- _Supplied information_
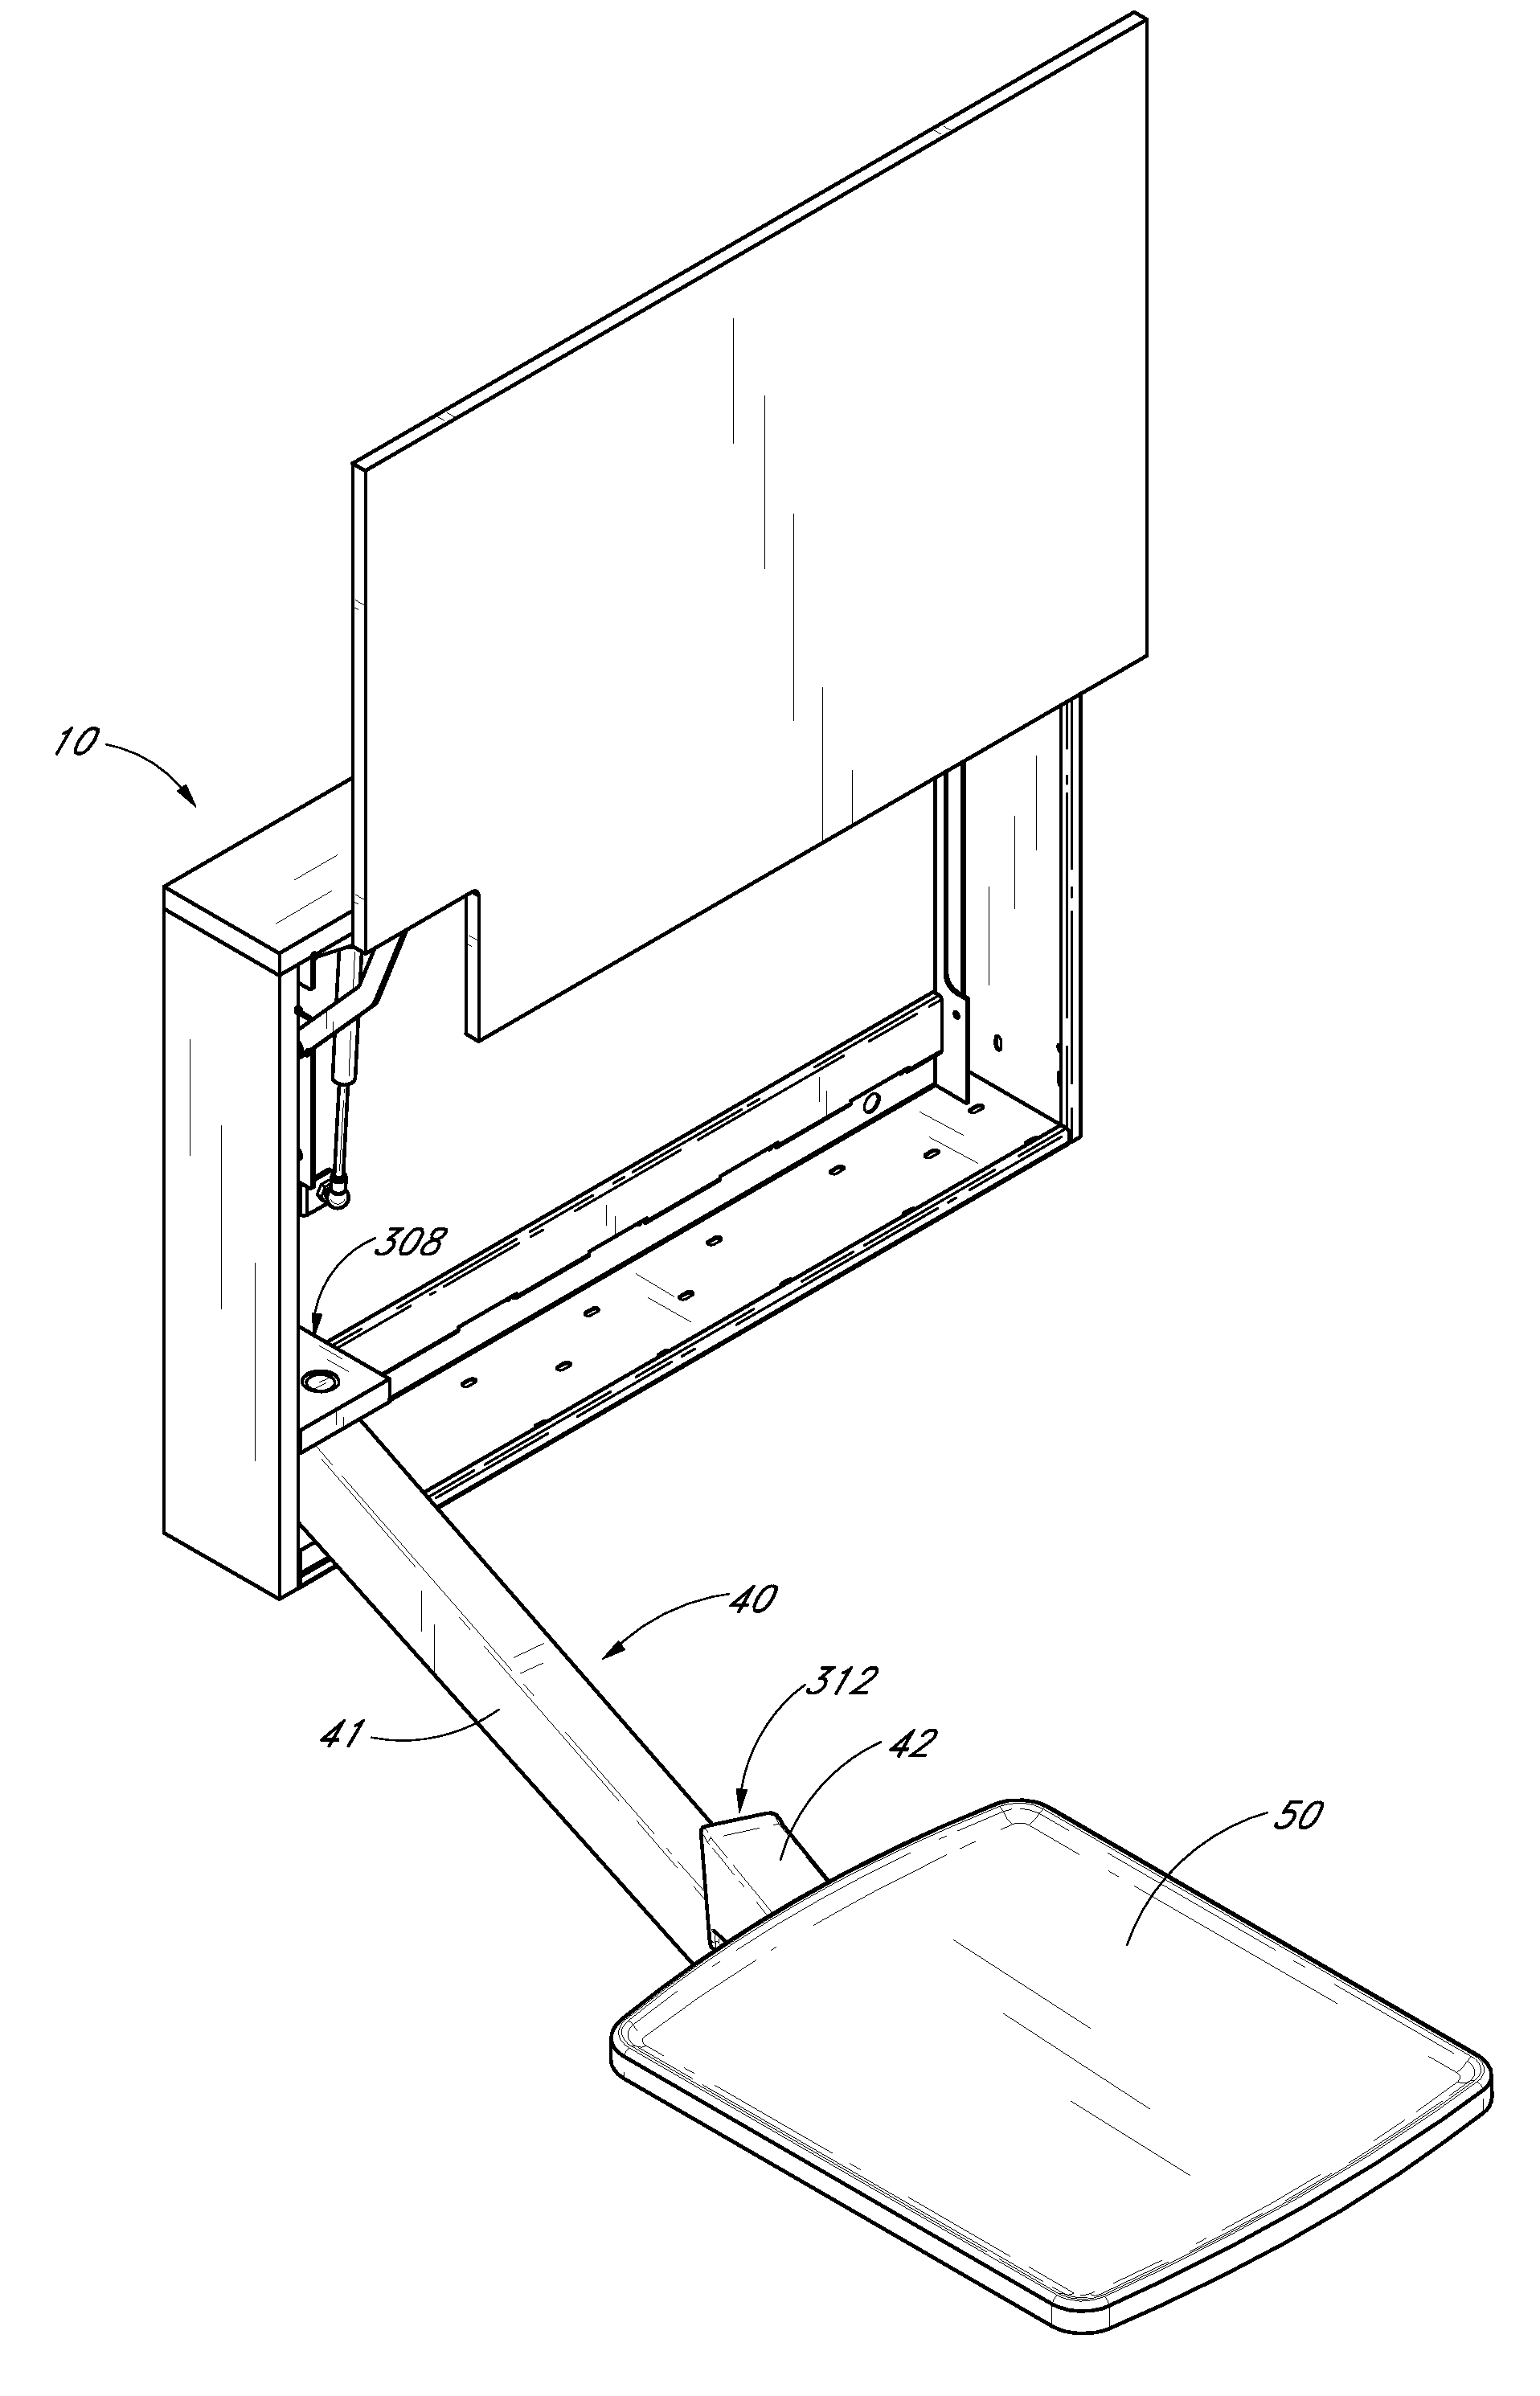 Storage unit with extension mechanism
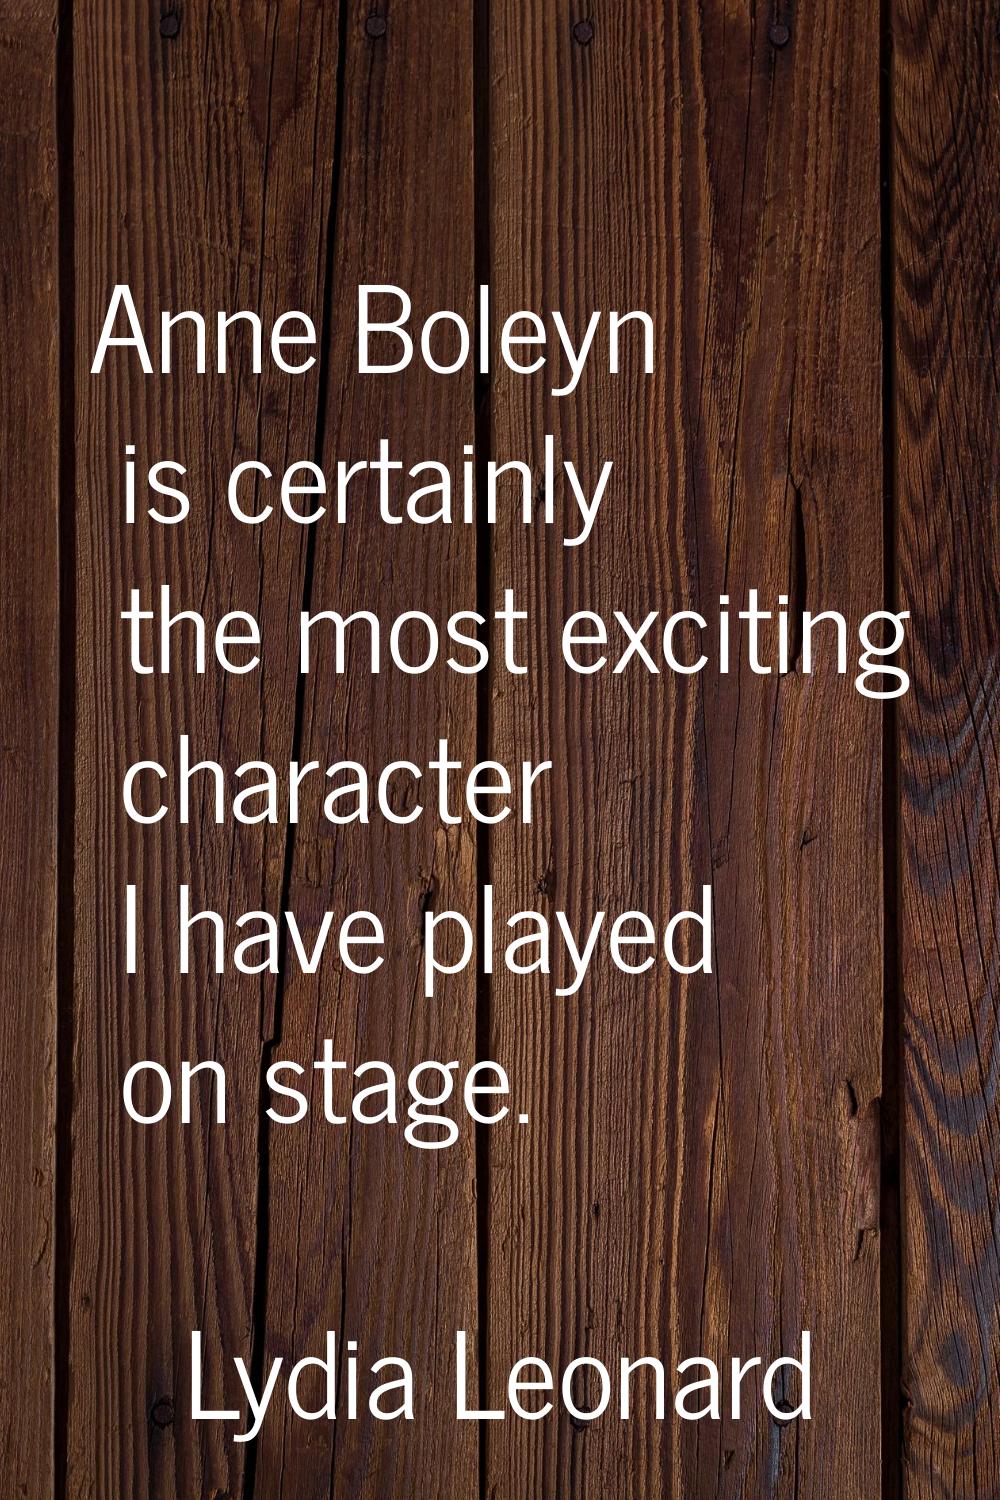 Anne Boleyn is certainly the most exciting character I have played on stage.
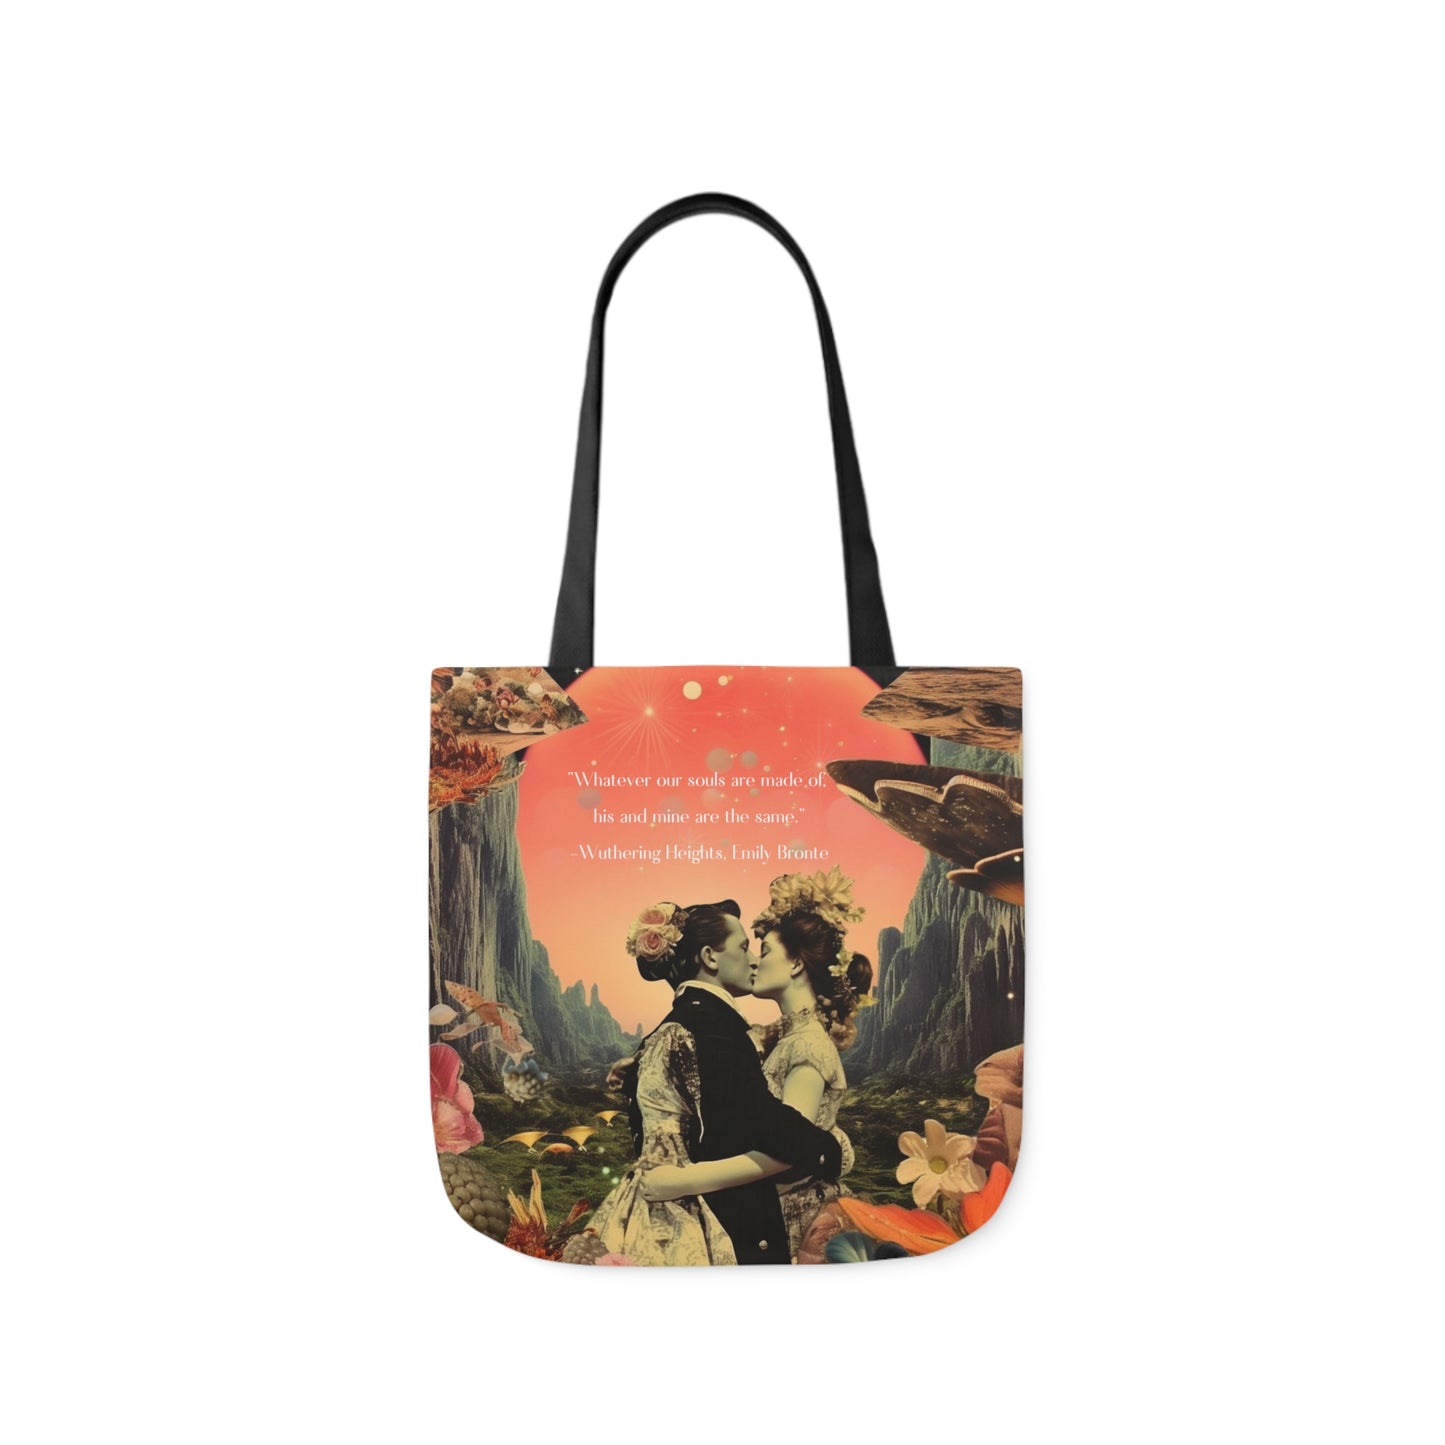 'Whatever our souls', from Wuthering Heights by Emily Bronte quote, Tote Bag

- _To do_
Every line between the one containing "Anne Boleyn is" and the last line of the data above, both included, should be copied exactly, but not the pictures.

- _Task output_
 Anne Boleyn is certainly the most exciting character I have played on stage.
 'Whatever our souls', from Wuthering Heights by Emily Bronte quote, Tote Bag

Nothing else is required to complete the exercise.